Efficacy of colchicine therapy in amyloid nephropathy of familial Mediterranean fever

The aim of this study was to investigate the effect of colchicine therapy on the outcome of amyloid nephropathy of familial Mediterranean fever (FMF) in childhood. The diagnosis of amyloidosis type AA was confirmed by renal biopsy in 38 patients. During a mean follow-up period of 30.5 months (range 6-88 months), the patients received colchicine therapy. While 24 of these patients were compliant with the treatment, 14 patients remained non-compliant.

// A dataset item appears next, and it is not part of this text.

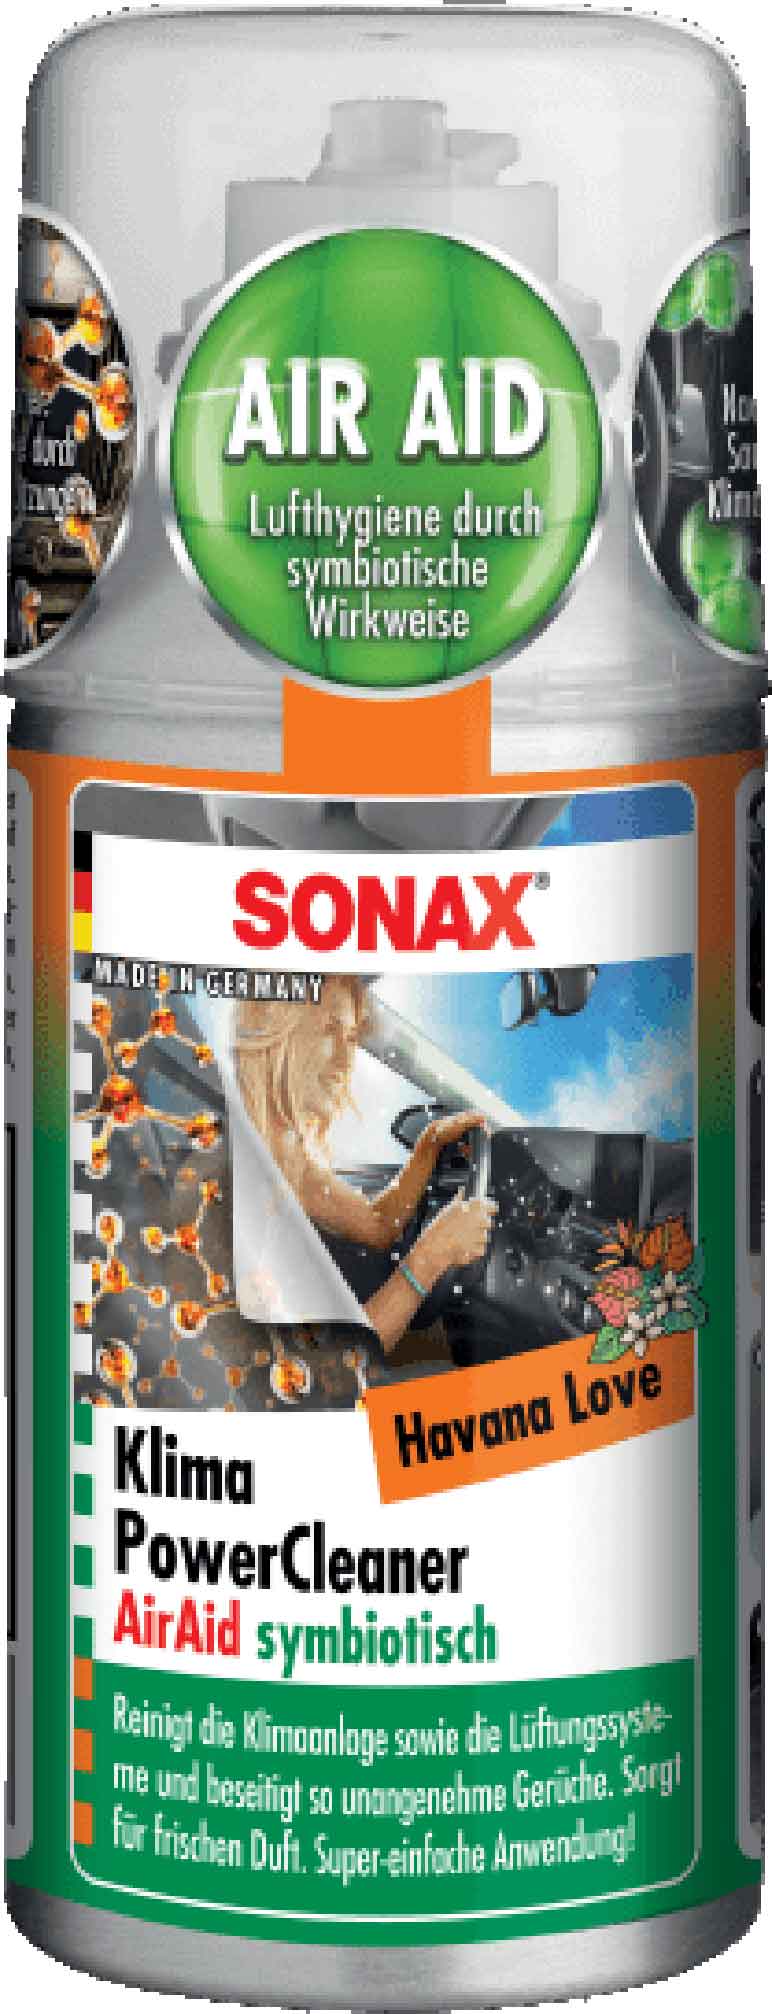 SONAX 3x 100 ml KlimaPowerCleaner AirAid symbiotisch Havana Love 03238000  günstig online kaufen

Of the 24 compliant patients. 19 had normal renal function at the onset; in 13 the proteinuria improved, in 5 patients it remained stable, and in 1 patient it deteriorated from a proteinuric to nephrotic stage. Partial resolution of amyloidosis was demonstrated by repeat renal biopsy in 1 patient who showed complete resolution of proteinuria. In contrast, none of 14 non-compliant patients improved, and while only 1 patient was in renal failure initially, 10 patients deteriorated to renal failure during the follow-up period. The presence of tubulointerstitial injury at presentation adversely affected the prognosis. In conclusion, when used appropriately, colchicine can improve proteinuria and prevent chronic renal failure in patients with amyloid nephropathy of FMF. The presence of renal failure or tubulointerstitial injury at presentation and non-compliance with therapy are the factors decreasing the success of therapy.